Questionnaire Development

The survey was designed to collect radiologists’ demographic information, CT screening activities, and attitudes about the risks, benefits, and provision of CT screening tests. Survey questions were developed from the literature and from 12 formative interviews with radiologists, primary care physicians, health services researchers, and those involved in health policy and technology assessment. All interviewees had some expertise in screening, and most were not affiliated with our institution.

Within the survey, we defined CT screening as “an imaging study using Computed Tomography (spiral, electron beam CT, multidetector CT, etc) in asymptomatic patients who may or may not have risk factors for disease.” Specific questions targeted CT screening for lung cancer, CACS, and whole-body CT because these tests were the most commonly marketed to patients at that time (4,5). We designed patient scenarios pertaining to lung screening to reflect the current scientific uncertainty about the benefit of lung screening in smokers: “Should a 55-year-old asymptomatic patient with a 20 pack-year smoking history get lung screening CT?” Similarly, we designed questions about CACS and whole-body CT to reflect the current scientific questions about the appropriateness of these examinations for particular patients. We also included questions about radiologists’ motivations for reading or not reading CT screening studies. Finally, we asked a range of attitudinal questions about evidence requirements, costs, physicians’ roles, direct-to-consumer marketing, and patient self-referral for CT screening examinations.

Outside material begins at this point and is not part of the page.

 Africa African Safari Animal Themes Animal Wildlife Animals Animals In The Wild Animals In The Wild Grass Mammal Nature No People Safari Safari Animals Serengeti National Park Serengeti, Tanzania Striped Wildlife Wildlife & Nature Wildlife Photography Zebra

To achieve face and content validity, the questionnaire was pilot tested and revised at three separate stages with a total of 18 radiologists, six of whom had experience reading CT screening studies and 12 of whom had none. The final 47-question survey took 15–18 minutes to complete. The nature of the study was described in a cover letter, and potential responders were made aware that consent was assumed if they completed the survey. A copy of the survey is available upon request.

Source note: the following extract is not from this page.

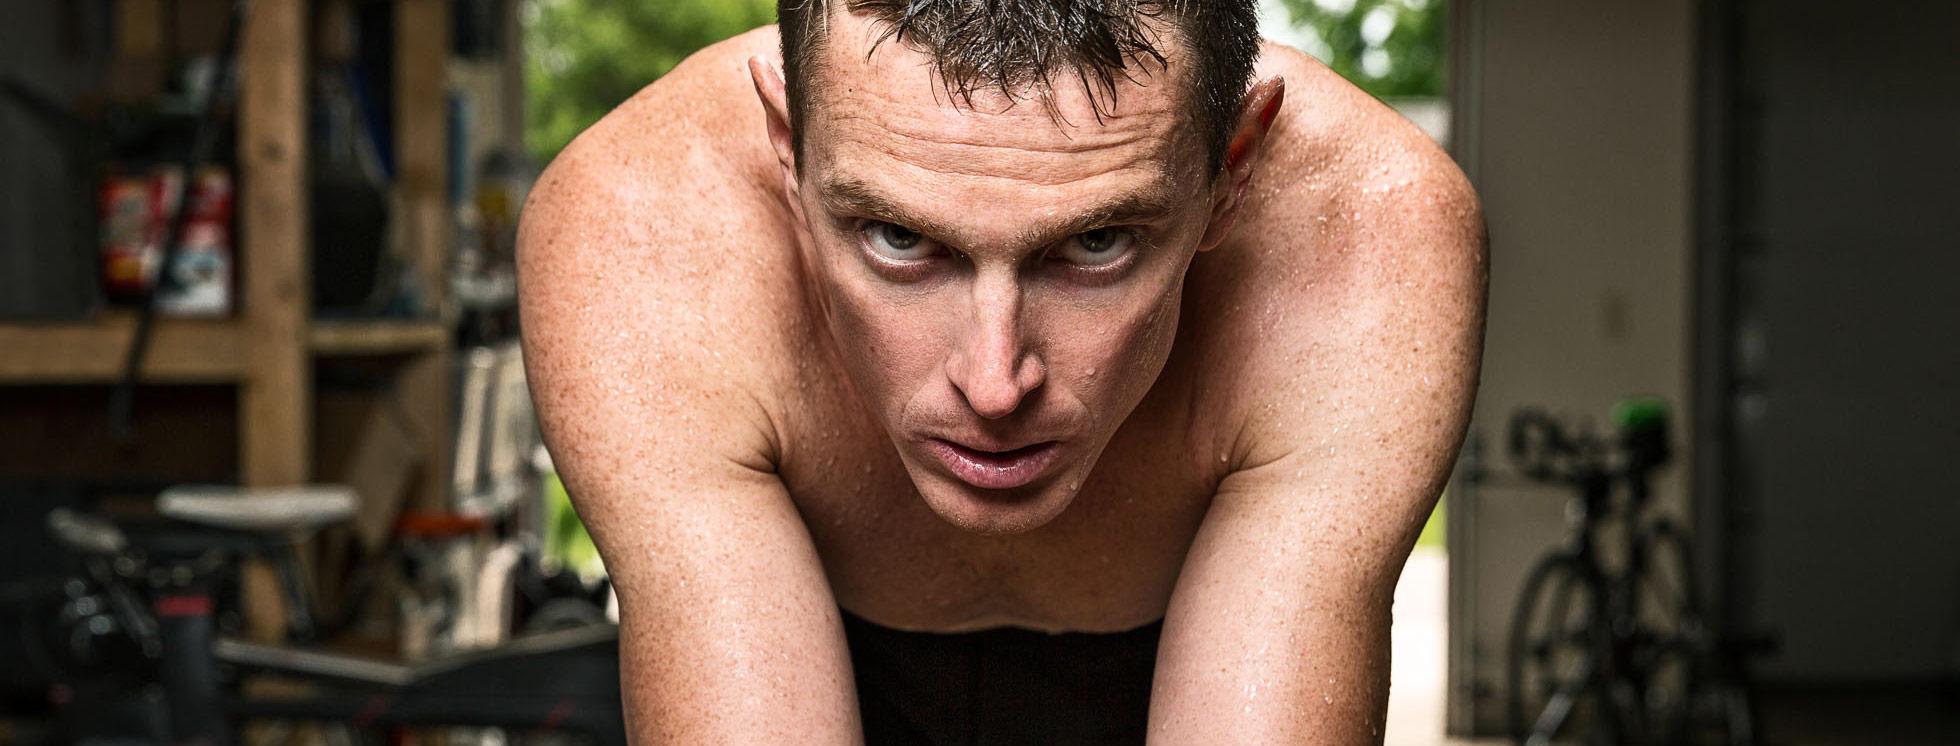 Behind the Scenes: Matt Hanson for NormaTec

Results related to radiologists’ screening practices, motivations for screening, and beliefs about the appropriateness of screening in particular patients, evidence requirements, costs, and provision of screening are presented here.

Data Collection

Each radiologist in the sample received a self-administered, mailed questionnaire. Surveys were mailed in October 2005, and data collection continued through February 2006. Surveys were re-sent to all nonresponders at 1 month and 2 months after initial distribution; there were three total attempts to collect responses. After survey data were entered, links to names and addresses were destroyed before analysis was begun.

Statistical Analysis

Descriptive statistics were used to assess the prevalence of screening activities, attitudes, and beliefs for the total sample. The χ2 tests and Mann-Whitney U tests were used to compare the attitudes and beliefs of those who do and those who do not read CT screening studies. A two-sided P value of less than .05 was considered to indicate a statistically significant difference. All analyses were performed by using a software package (Stata, version 9; StataCorp, College Station, Tex).

Results

Response Rate

A total of 398 (41.4%) of 961 eligible radiologists completed the survey. Of the initial 1000 radiologists sampled, 22 surveys were returned to sender because of a wrong address, 15 radiologists reported they were retired, and two were deceased, leaving 961 eligible for participation. In addition, 25 declined to participate by returning blank surveys, and 538 did not respond to any of the three mailings. There were no significant differences in age, sex, number of years since medical school graduation, or geographic region between responders and nonresponders.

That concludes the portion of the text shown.